In his August 2003 speech at the American Bar Association (ABA) Annual Meeting, U.S. Supreme Court Justice Anthony M. Kennedy urged the association to speak out against mandatory minimums. His request was timely—Congress had just added new mandatory minimums to the criminal code, and others were in the works. Many observers warned that the federal sentencing guidelines soon might be little more than mandatory minimums, replete with the terrible inequities and disparities that characterize them.
The ABA first announced its opposition to mandatory sentencing in 1968. Standard 18-3.21(b) of the Standards for Criminal Justice on Sentencing Alternatives and Procedures unequivocally states, "A legislature should not prescribe a minimum term of confinement for any offense." Standard 18-3.21 is one of many announcing the ABA's commitment to guided judicial discretion, tailored sentencing, proportionate sanctions, individualized punishment, and consideration of aggravating and mitigating factors. By its very nature, mandatory minimum sentencing violates the core values expressed by these standards.
Federal Sentencing: Parallel and Incompatible Systems
In the mid-1980s, Congress began establishing the groundwork for a parallel sentencing system of guided judicial discretion. The U.S. Sentencing Guidelines were intended to replace unlimited and unreviewable judicial discretion with guided discretion, thereby also reducing unwarranted sentencing disparities, ensuring uniformity, and correcting leniency. For example, the sentencing guidelines for drug offenses employ a calibrated if rather rigid approach to sentencing, with base offense levels tied to drug quantity. Sentences are increased and decreased based on aggravating and mitigating factors, such as the defendant's role and criminal history and whether or not a weapon was used. Under the sentencing guidelines, discretion is guided, not eliminated. The system permits departures from the guidelines in certain situations, conceding that no sentencing system can account for every relevant consideration. This holistic approach accounts for the totality of circumstances-including even acquitted conduct-in the sentence calculation.
Mandatory minimums, on the other hand, take a charge-centered approach to the task. Conviction for a certain charged crime will result in a predetermined and, for the most part, inescapable sentence. Mandatory minimums were designed to deter would-be criminals and incapacitate violators; they were also intended to promote uniform punishment for similar offenders. Perhaps most importantly, policymakers hoped the threat of stiff and certain punishment would elicit cooperation with the government in investigating and prosecuting crimes.
The most recent federal experiment with mandatory minimum sentencing began in the mid-1980s with the enactment of laws targeting drug and firearms offenses.

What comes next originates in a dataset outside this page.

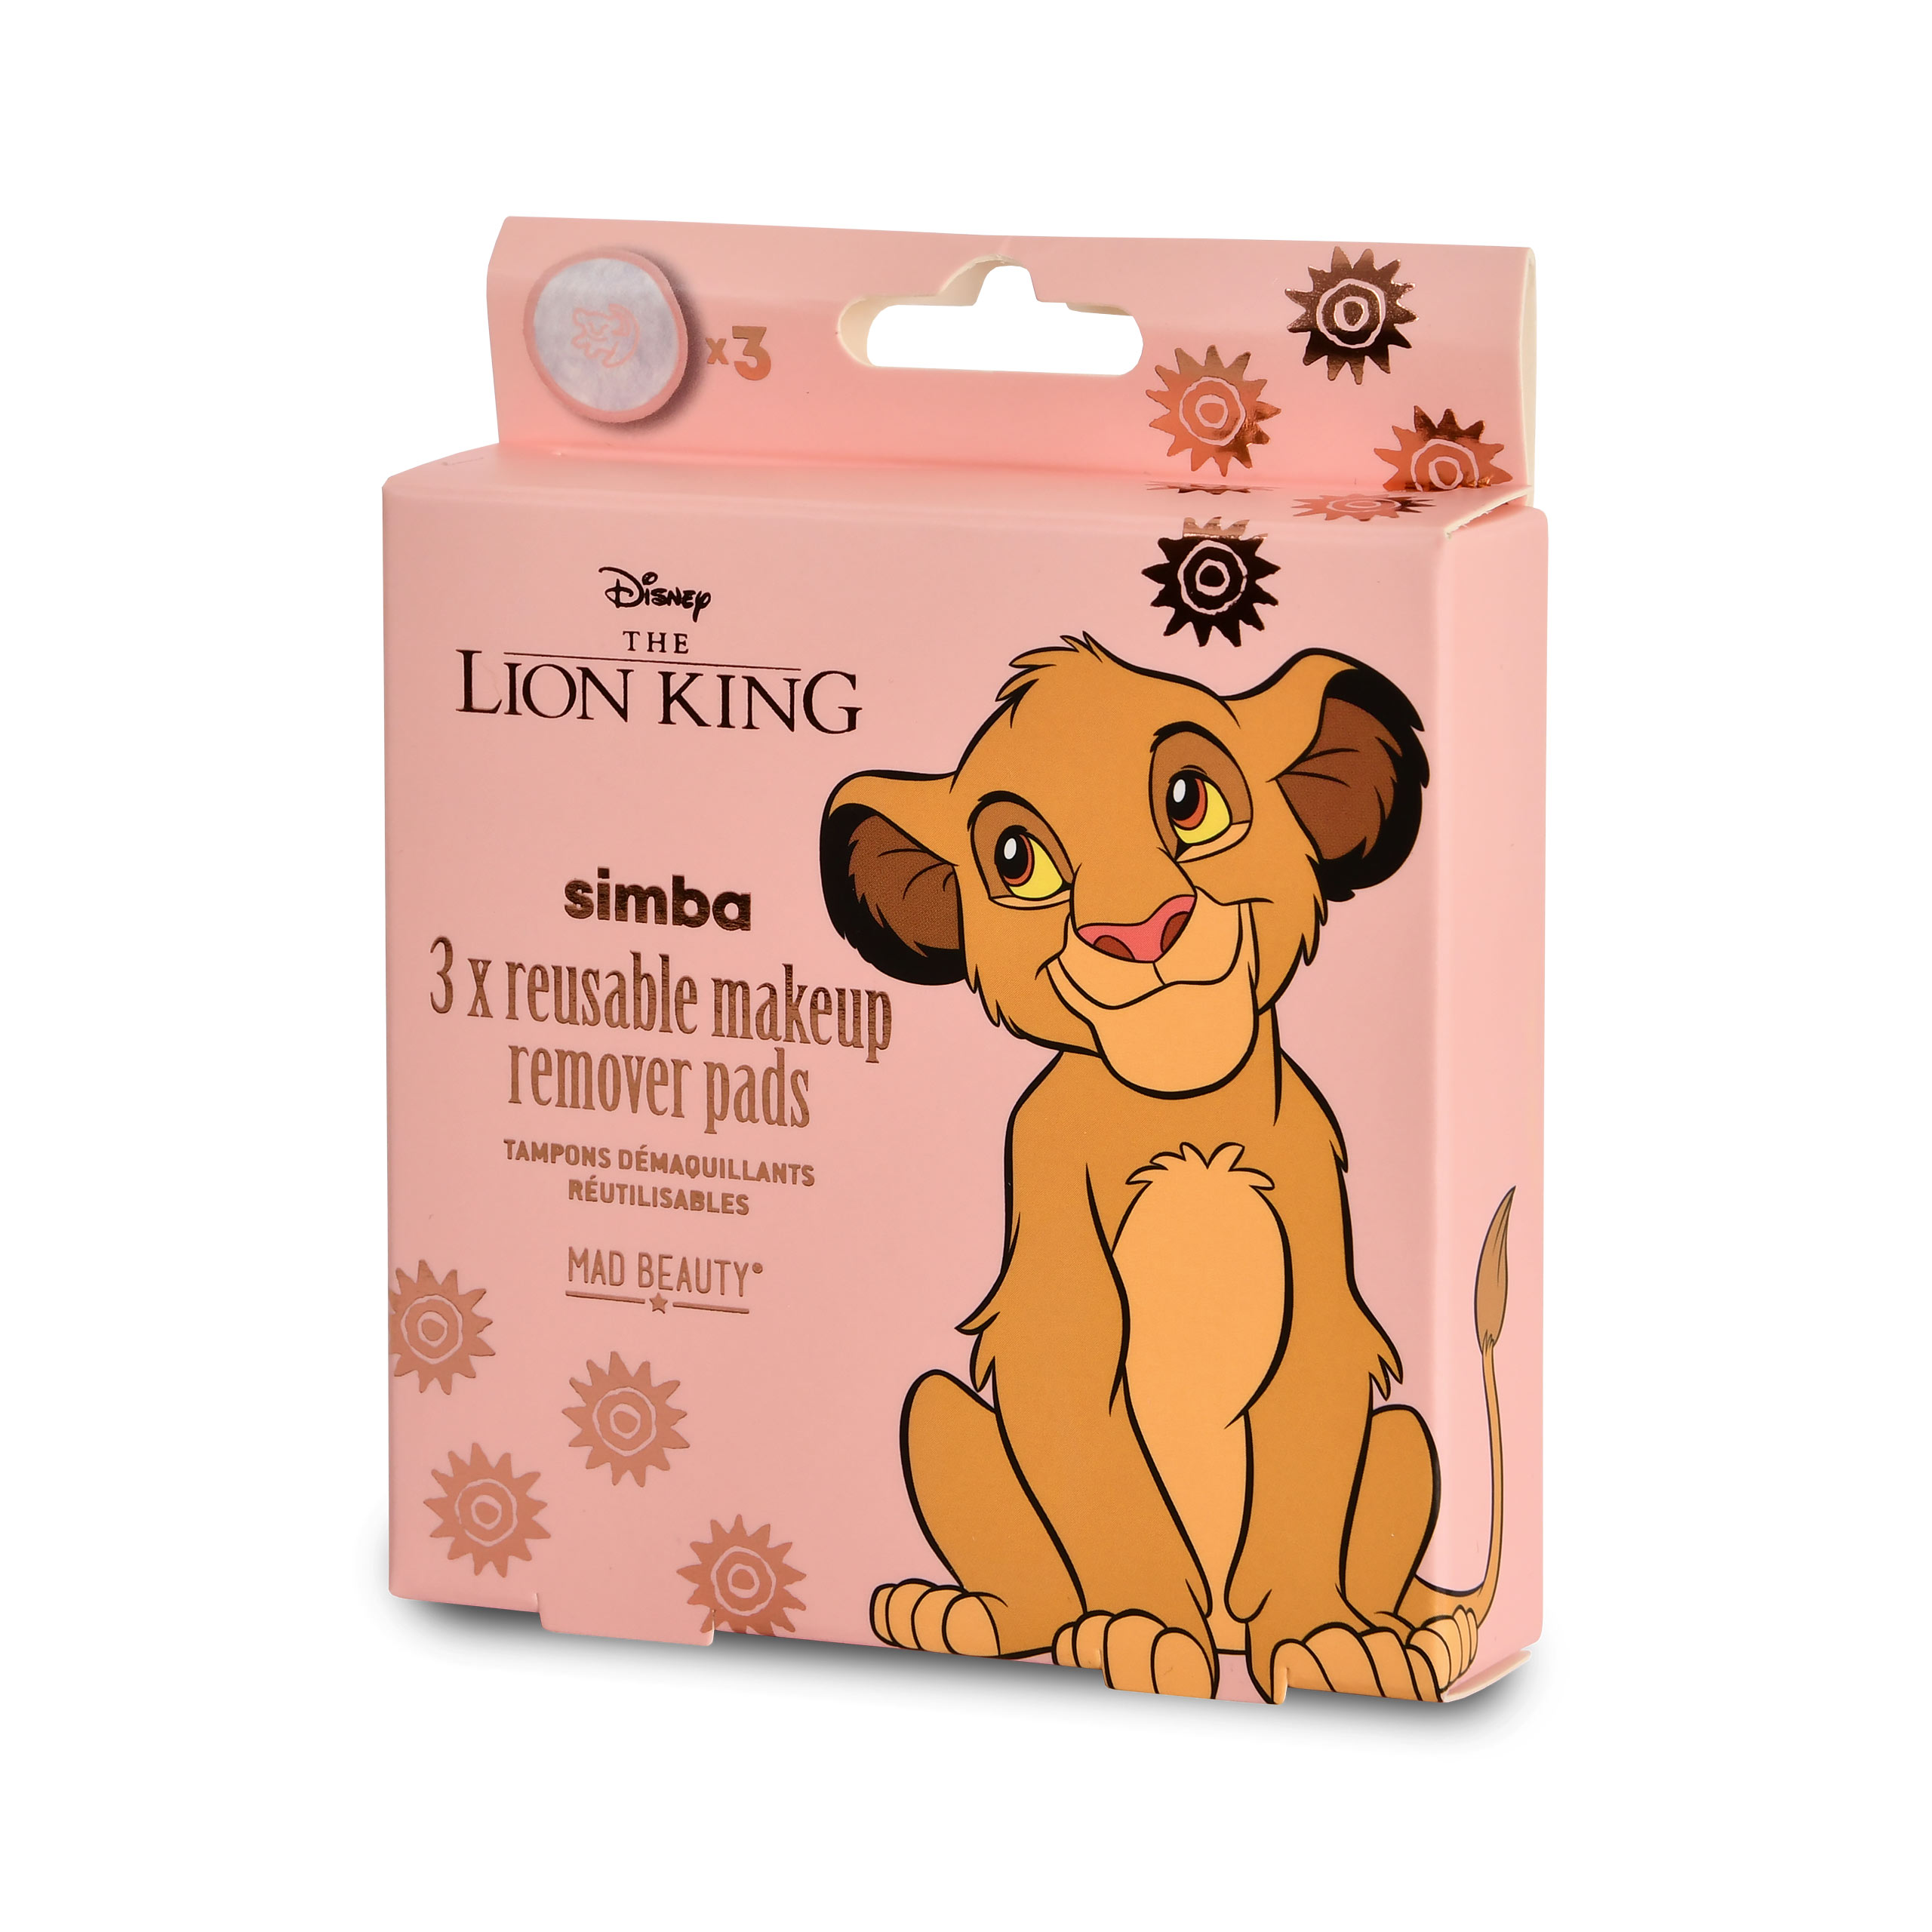 The Lion King - Simba Makeup Remover Pads

For example, Congress enacted the Drug Abuse Act of 1986 in response to criticism of indeterminate sentencing and to concerns about the perceived link between lenient penalties for drug offenders and increases in violent crime and drug abuse. Under the law, drug kingpins receive sentences of at least ten years for a first offense and twenty years for a second. Mid-level dealers and managers face five and ten years for first and second offenses, respectively. In 1988 Congress extended mandatory minimums to reach conspirators as well as principals, thereby ensuring that minimum penalties would apply with equal force to peripheral players found guilty of conspiracy.
Mandatory minimums trump the guidelines. Mandatory minimums substitute for sentencing guideline punishments whenever triggered, preventing any modification based on mitigating factors, a crucial element of judicial discretion. Although motivated by many of the same concerns, the two systems are, in the words of the Sentencing Commission, "structurally and functionally at odds." U.S. SENTENCING COMMISSION, MANDATORY MINIMUMS FOR PENALTIES IN THE FEDERAL CRIMINAL JUSTICE SYSTEM (Aug. 1991).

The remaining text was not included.